Die Cloud Nothings sind tot – lang leben die Cloud Nothings. Wer sich nach dem epochalen, aber wenig lebensbejahendem Attack On Memory von 2012 sehnlichst die guten, alten, fröhlichen, verspielten Zeiten eines Cloud Nothings (2011) zurück wünschte, wird mit dem neuen Langspieler der Amerikaner ausgesöhnt.
Betrachtet man das Oeuvre der Clevelander Garage-Größe oberflächlich, könnte man meinen, man befände sich in der neusten Attraktion eines Vergnügungsparks. Das Debüt Turning On holpert mächtig los, wie ein Achterbahnwagen, der versucht die Spur zu halten. Der Nachfolger bringt einen in die höchsten Höhen der Lebensfreude, um dann von Attack On Memory gründlich Richtung Abgrund zu rasen.

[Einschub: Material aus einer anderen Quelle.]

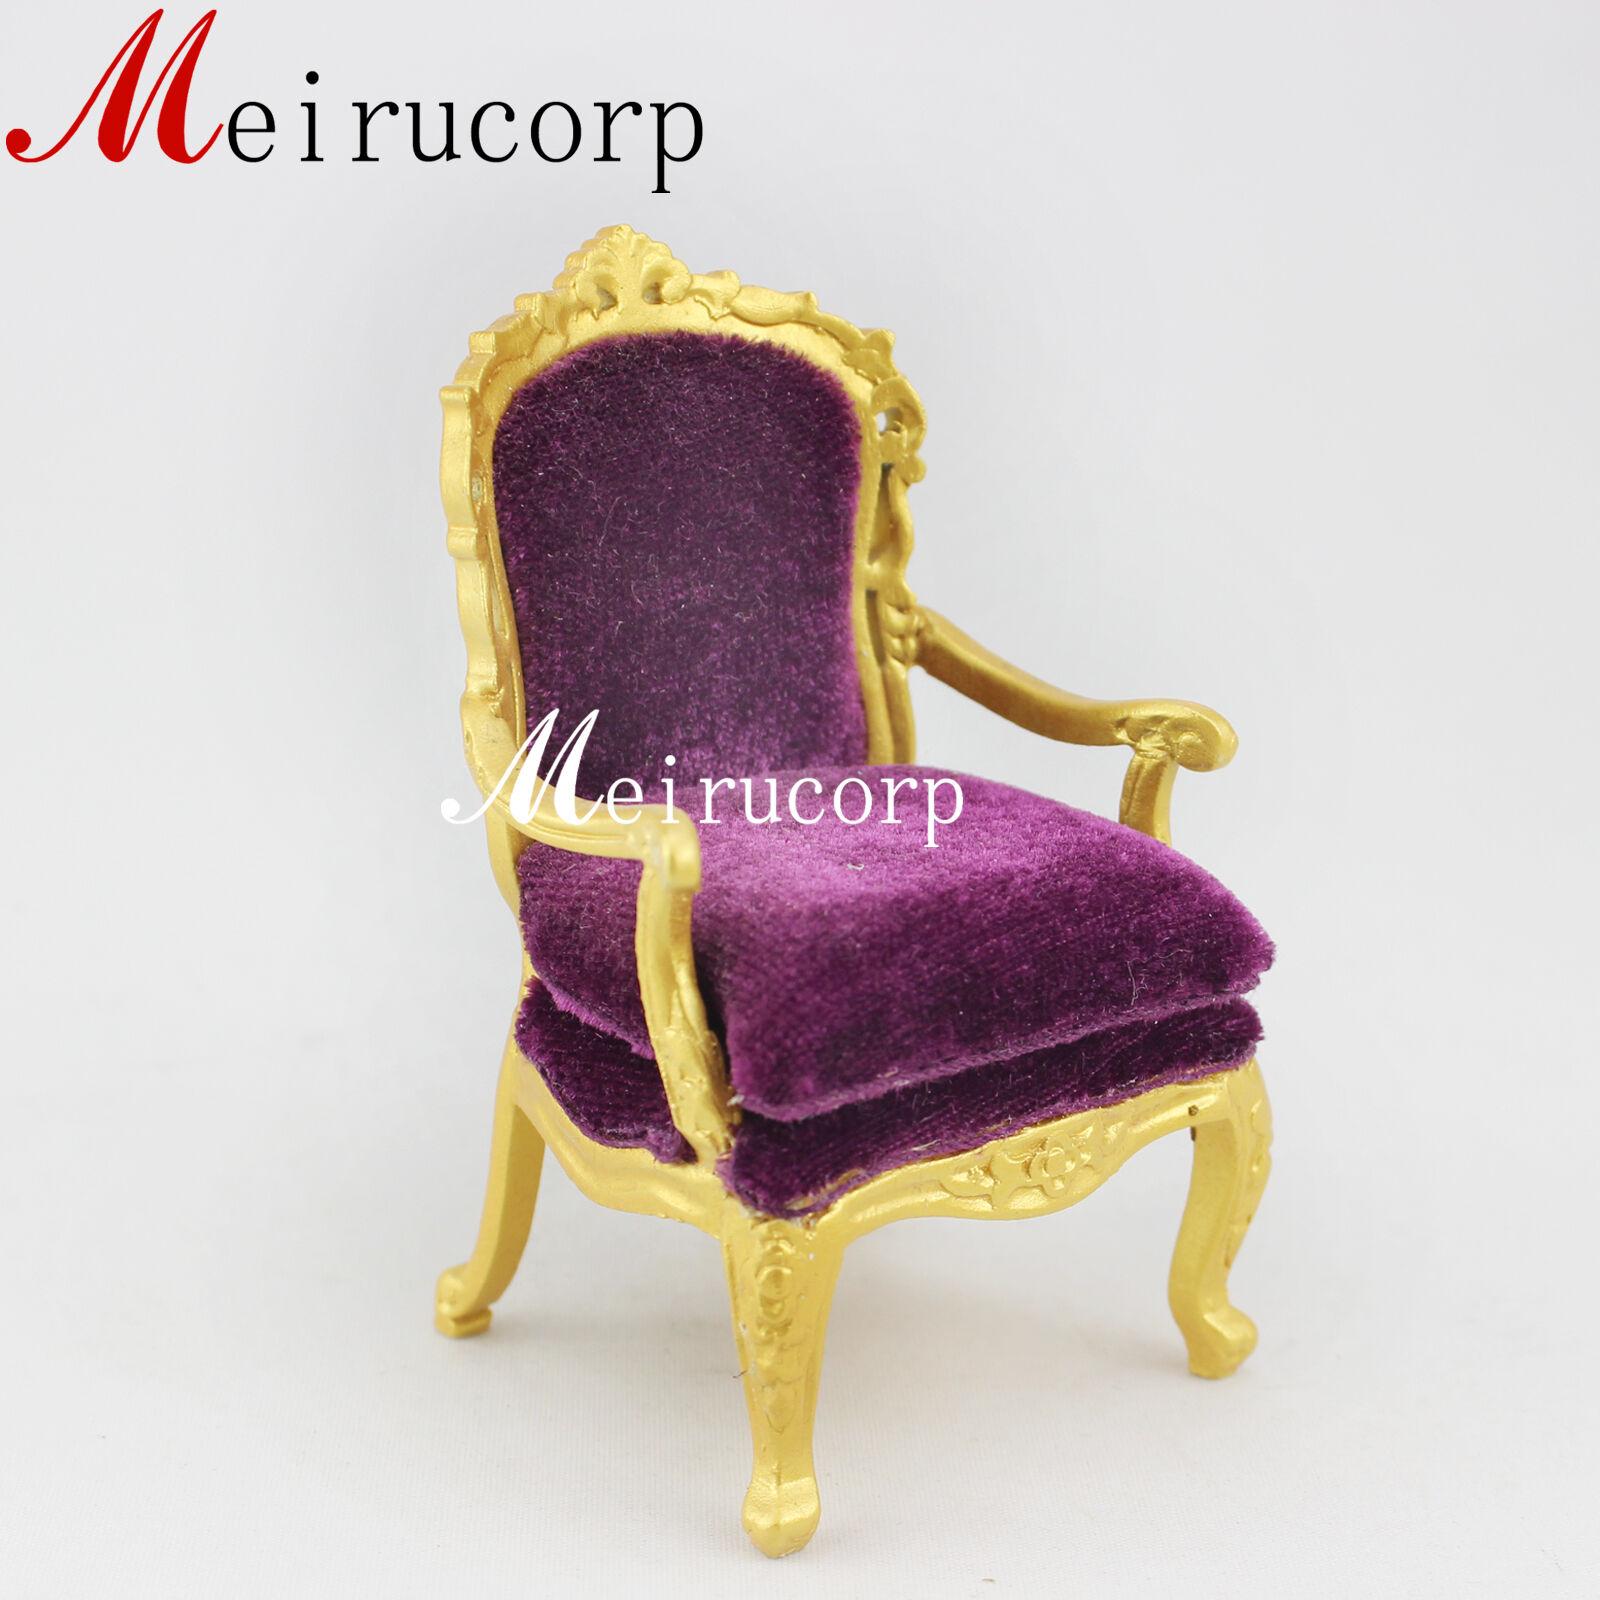 Dollhouse Miniature JBM Chair Regency Dressing or Side 1:12 Scale Furniture

Betrachtet man das Oeuvre der Clevelander Garage-Größe realisitsch, bekommt man das Portrait des gerade mal 23-jährigen Bandkopfes Dylan Baldi. Attack On Memory malt die Welt so schwarz, wie man es sich nur vorstellen kann. Destruktion, Aversion und Nihilismus geben sich die Klinke in die Hand, was am Ende übrig bleibt sind vereinzelt lodernde Brandflächen – gerodetes Wasteland einer einst üppigen Landschaft. Baldi selbst erklärte jüngst im Visions-Interview, dass er sich aktuell auch nicht mehr erklären kann, wie er die Welt damals so negativ sehen konnte. Umso besser, dass er es musikalisch eindrucksvoll festgehalten und mit Attack On Memory ein derart intensives Werk geschaffen hat, dass sich im Grunde jede nachfolgende Platte daran messen muss. So auch Here And Nowhere Else. Was die inzwischen vierte Platte der Cloud Nothings dabei leistet, lässt sich am simpelsten mit Versöhnung beschreiben.
Baldi versöhnt sich mit der Welt und lässt es diese hören. Der Opener kontrastiert mit seinem Titel Now Here In auch gleich den Opener des Vorgängers No Future/No Past. Der luftleere Raum, in dem sich Baldi 2012 noch befand, scheint endlich Geschichte zu sein. Passend dazu auch der Albumtitel Here And Nowhere Else. Endlich fixiert in Raum und Zeit. Endlich irgendwo angekommen, wo man nicht permanent das Gefühl hat, man wäre lieber woanders. Endlich wieder positivere Aussichten, die sich auch im Songwriting widerspiegeln. Keine enorm langen Jams mehr, die in höllischer Extase gipfeln. Dafür gewohnt temporeiche, melodielastige Songs mit der liebgewonnenen Hookdichte. Psychic Trauma beispielsweise startet sehr geerdet, fast bequem, um plötzlich derart an Speed zu gewinnen, das einem kurz schwindelig wird. Den Boden verliert man dabei nie unter den Füßen, weil Cloud Nothings diese schon längst in ihr Fundament aus dreckigem Gitarrenrock eingegossen haben. Am eindrucksvollsten beweist das der letzte Track I´m Not Part Of Me, der sinnbildlich für Baldis Perspektivwandel steht und aus dem auch die Zeile stammt, die dem Album seinen Titel gab. „I´m learning how to be here and nowhere else, how to focus on what I can do myself.” Das Gute ist, dass Baldi uns nicht alles wissen lässt, was er durchmachen musste („I'm not telling you all I'm going through“) – wohl wissend, dass jeder sein Päckchen zu tragen hat. Diese Bescheidenheit macht die Jungs noch sympathischer. Weiterer Sympathiepunkt ist der Wiedererkennungswert der Cloud Nothings. Wenige Bands schaffen es, sich in ihren Grenzen so umfangreich auszutoben, dass keine Langeweile aufkommt.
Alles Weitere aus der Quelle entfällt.